The Democratic Party failed, some Democrats and young progressives said, to confront the cultural issues motivating Gen Z men, and to offer a coherent message on pocketbook issues that would appeal to them. Now, they are engaging in a period of soul-searching, reckoning with the splintered media environment that Mr. Trump was able to master and casting about for a response. Representative Alexandria Ocasio-Cortez, the prominent New York Democrat, has been speaking directly to the camera on her Instagram page, asking conservative viewers what forms of media they consume.
“Republicans have used culture as a gateway to politics,” said Brian Tyler Cohen, a Democratic influencer who posts news analyses and interviews to his 3.4 million subscribers on YouTube. “These are people who are influential to young men through culture, and then politics comes along with it. We do not have that infrastructure.”

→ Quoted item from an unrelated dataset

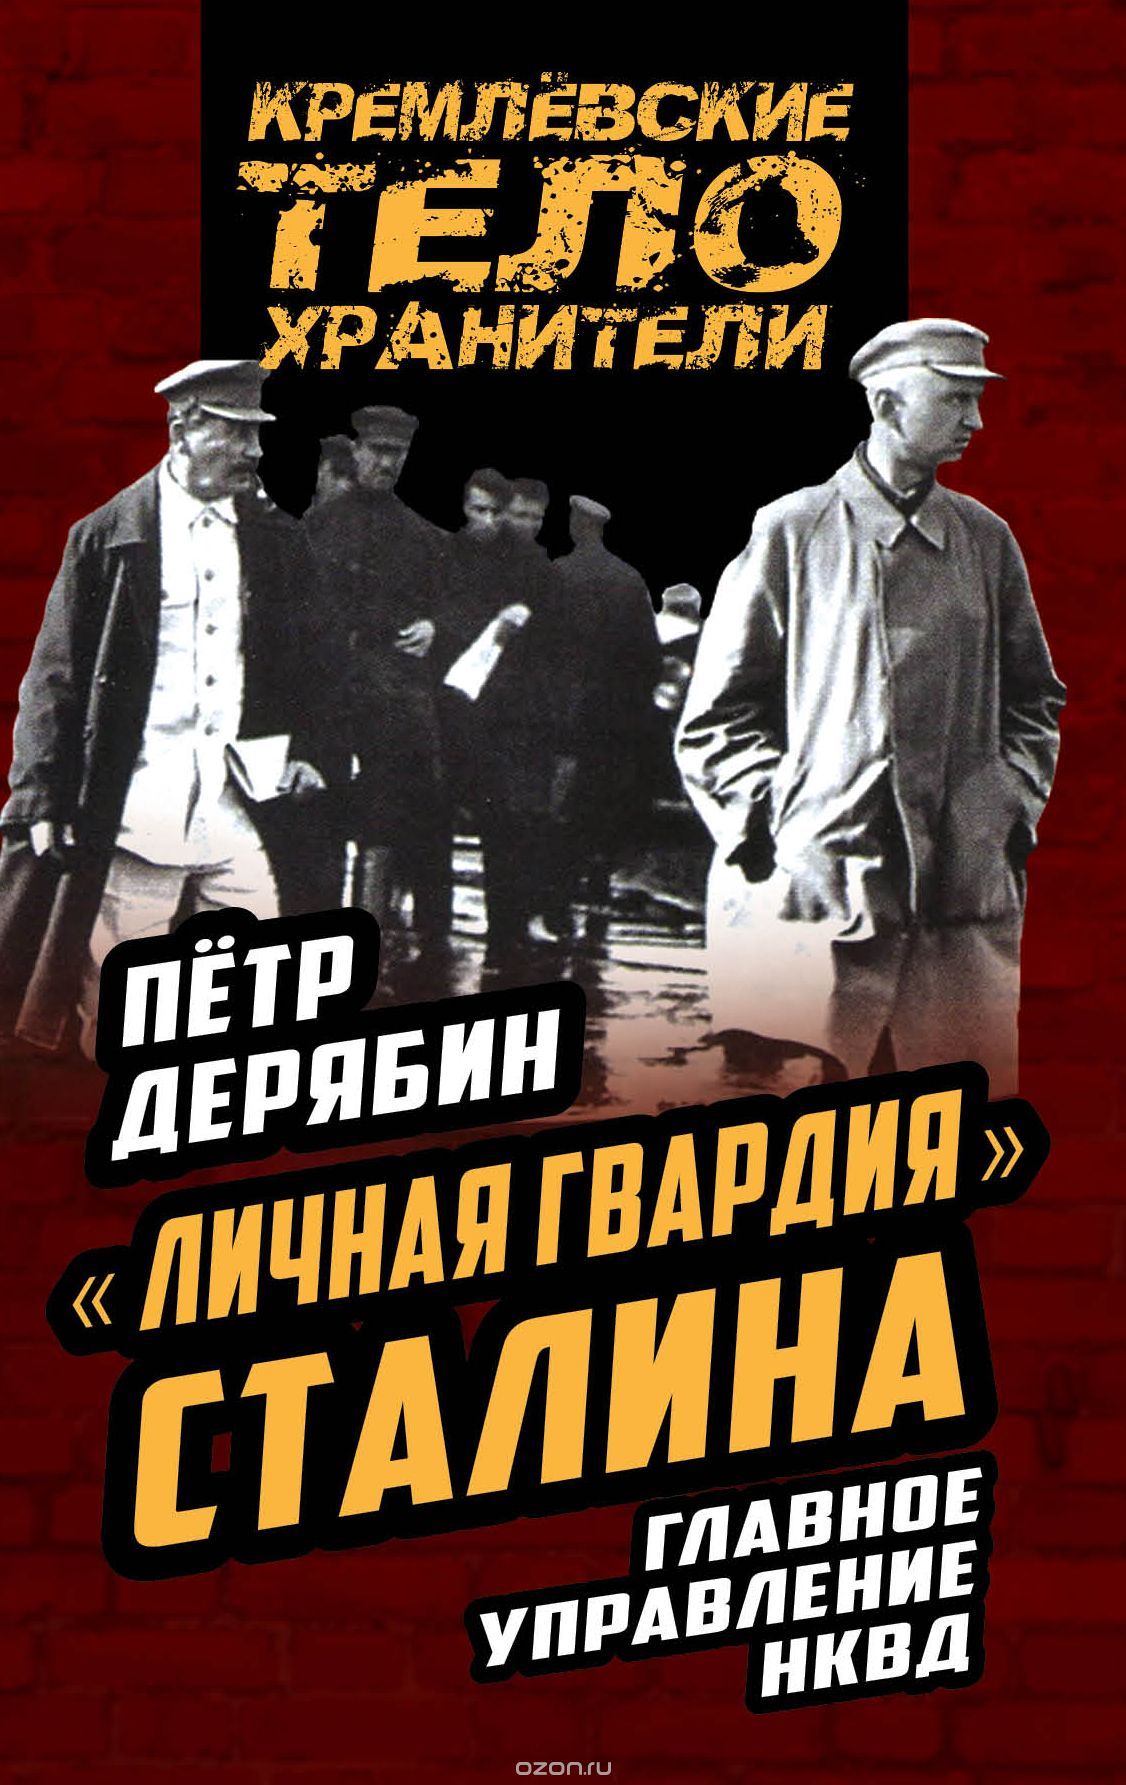 "Личная гвардия" Сталина. Главное управление НКВД, Петр Дерябин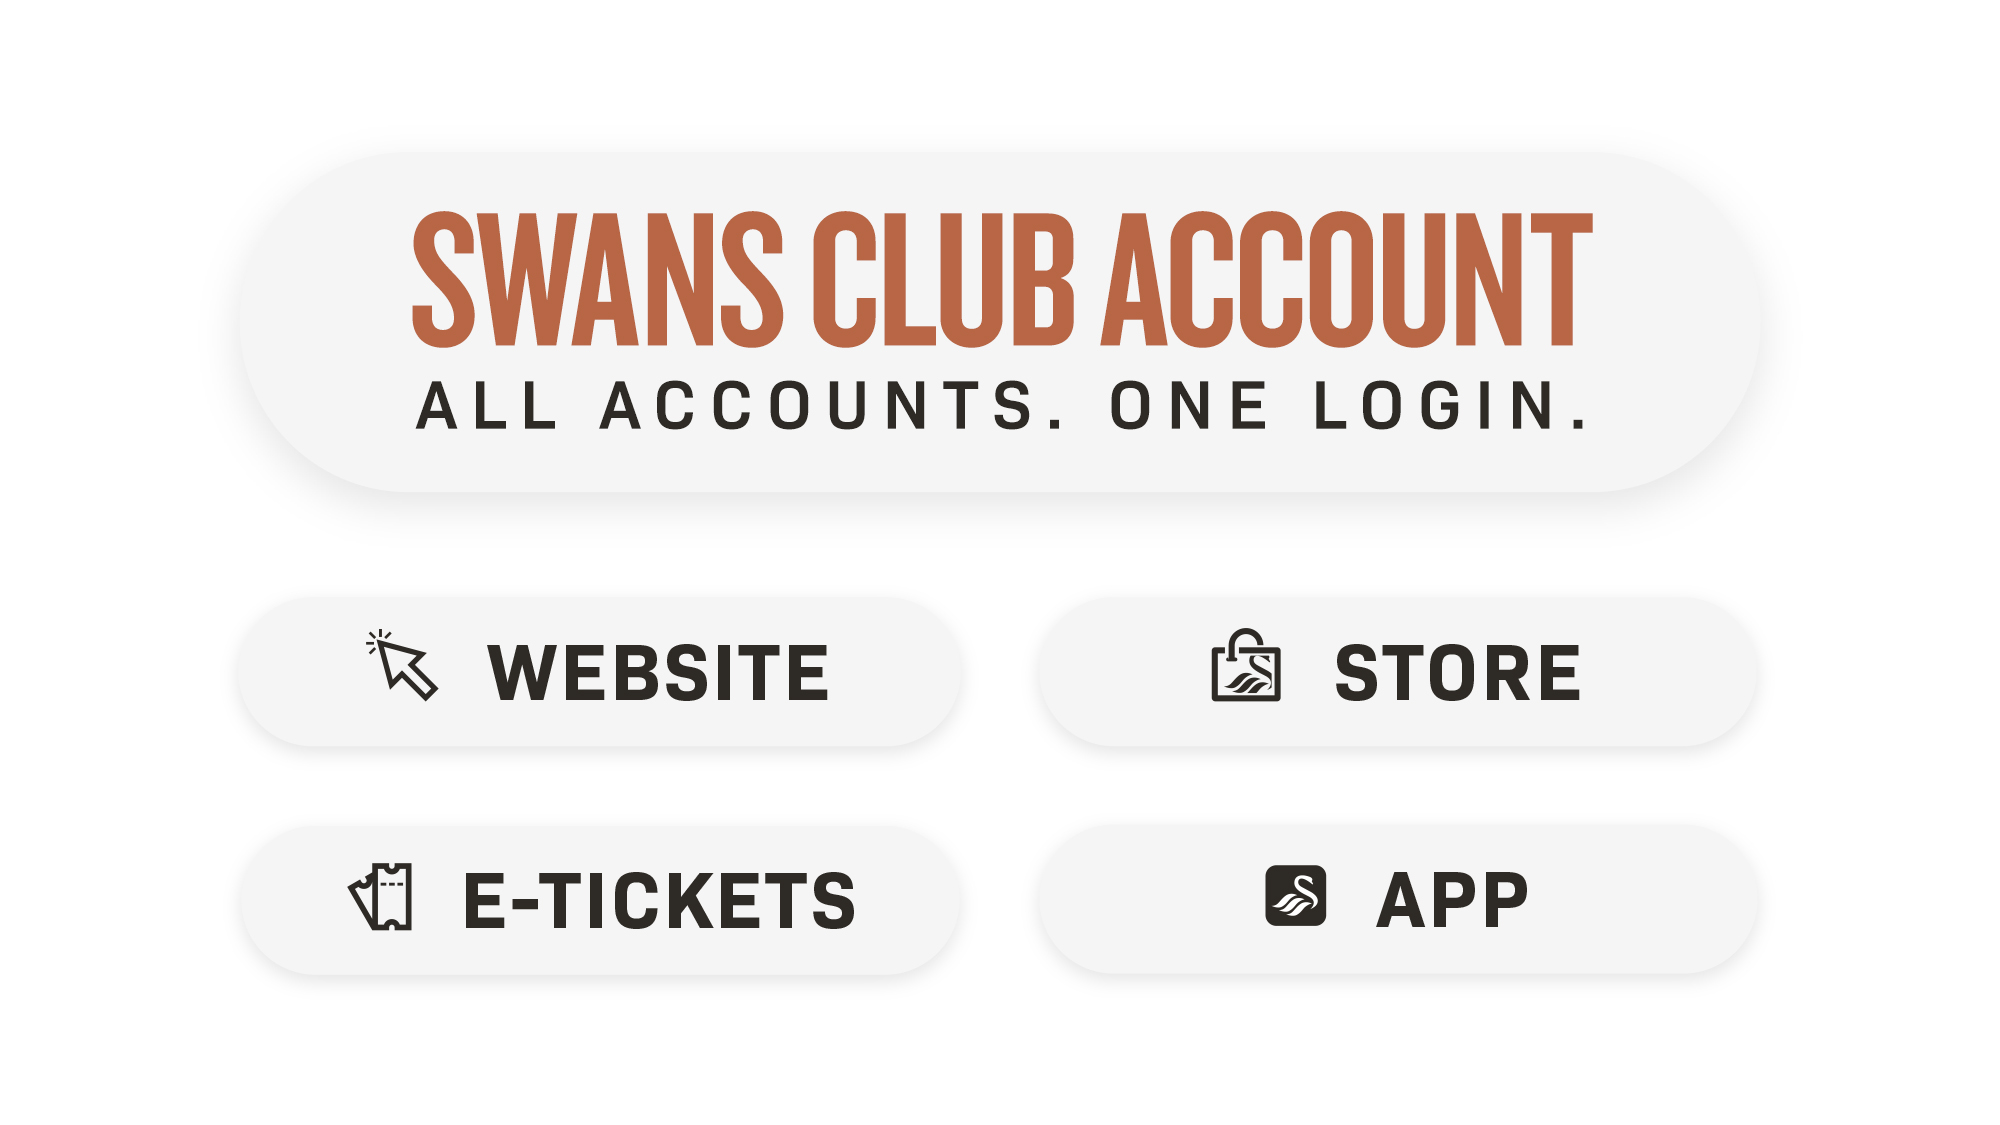 Swans Club Account

He pointed to the high-profile voices who spent years building enormous male followings through entertainment, sports, comedy and a bevy of other topics before veering more explicitly into politics and endorsing Mr. Trump this year, like the podcaster Joe Rogan (more than 14 million followers on Spotify, the most of any podcaster on the platform) and the YouTube pranksters known as the Nelk Boys (8.25 million followers on the platform).
Ms. Harris’s campaign also tried to reach younger voters, with young women preferring her to Mr. Trump, according to exit polls. The vice president was interviewed on the popular podcast “Call Her Daddy” and sat down with other social media stars in an effort to make up ground during her truncated campaign.
But some younger Democrats said a broader strategy shift was in order, especially in terms of how politicians approach nontraditional media. Celebrity appearances and paid endorsements from influencers come across as transactional and inauthentic, they said.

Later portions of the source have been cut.